DP12534 The Macroeconomic Effects of Trade Tariffs: Revisiting the Lerner Symmetry Result
|Author(s):||Jesper Lindé, Andrea Pescatori|
|Publication Date:||December 2017|
|Keyword(s):||Border Adjustment Tax, Import Tariffs and Export Subsidies, Incomplete and Complete Markets, Lerner Condition, New Keynesian open-economy model, Trade War|
|Programme Areas:||International Macroeconomics and Finance|
|Link to this Page:||cepr.org/active/publications/discussion_papers/dp.php?dpno=12534|
We study the robustness of the Lerner symmetry result in an open economy New Keynesian model with price rigidities.

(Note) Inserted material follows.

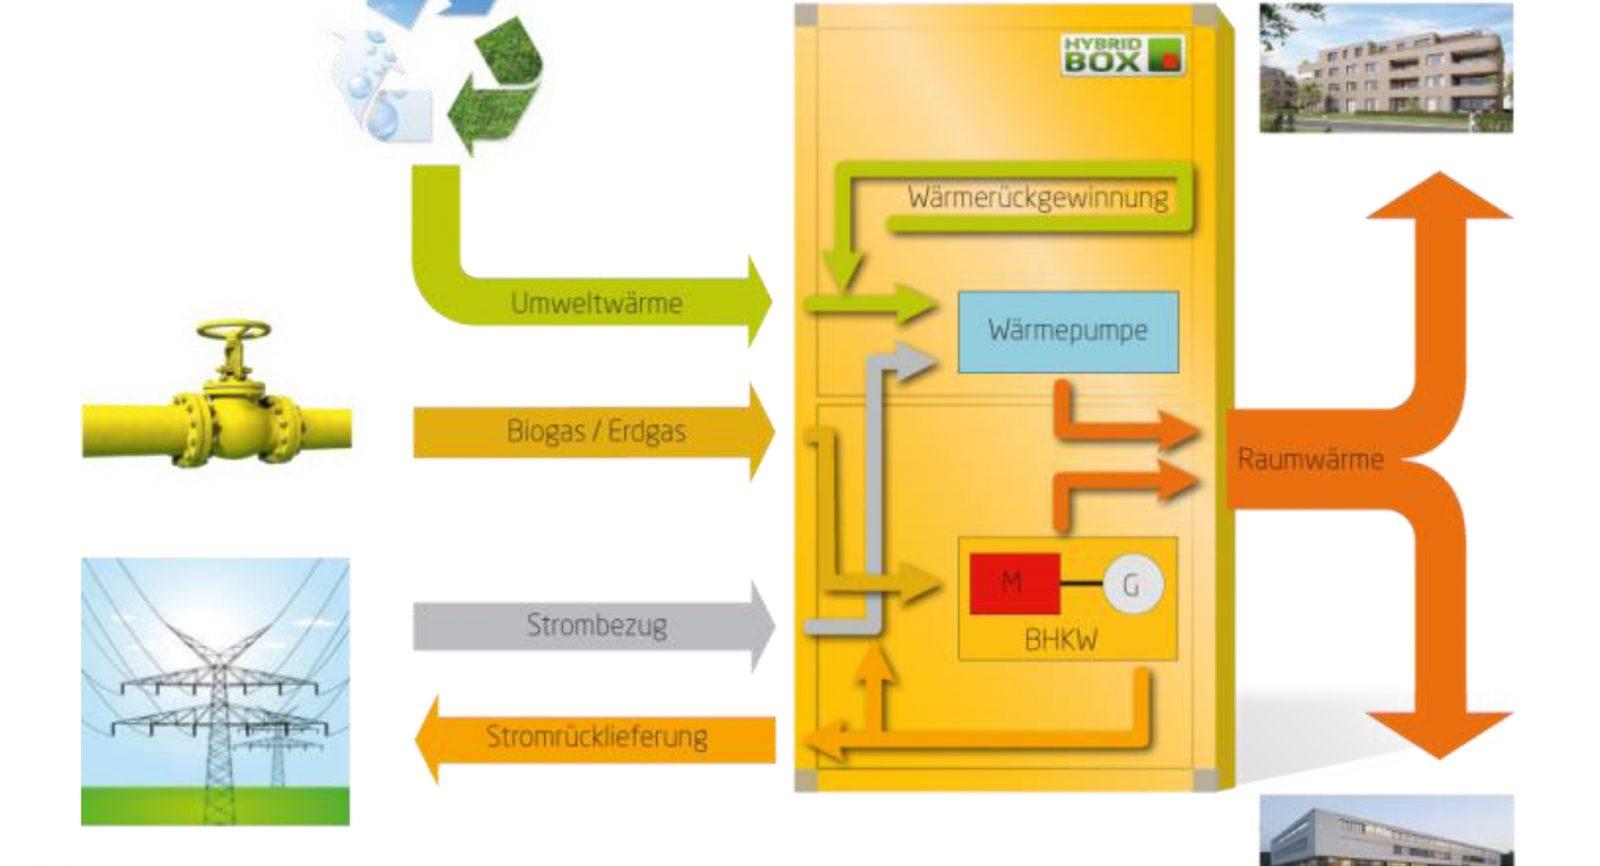 La chaleur ambiante et la chaleur résiduelle, d'une part, du méthane renouvelable et du gaz naturel conventionnel, d'autre part, sont utilisés de telle sorte que l'approvisionnement en chaleur et en électricité soit efficace.

While the Lerner symmetry result of no real effects of a combined change in import tariff and export subsidy holds up approximately for a number of alternative assumptions, we obtain quantitatively important long-term deviations under complete international asset markets. Direct pass-through of tariffs and subsidies to prices and slow exchange rate adjustment can also generate significant short-term deviations from Lerner. Deviations from symmetry, however, do not necessarily imply an impact on global output and are often limited to a redistribution of production and consumption across countries. Finally, we quantify the macroeconomic costs of a trade war and find that they can be substantial, with permanently lower income and trade volumes. However, a fully symmetric retaliation to a unilaterally imposed border adjustment tax can prevent any sizable adverse real or nominal effects.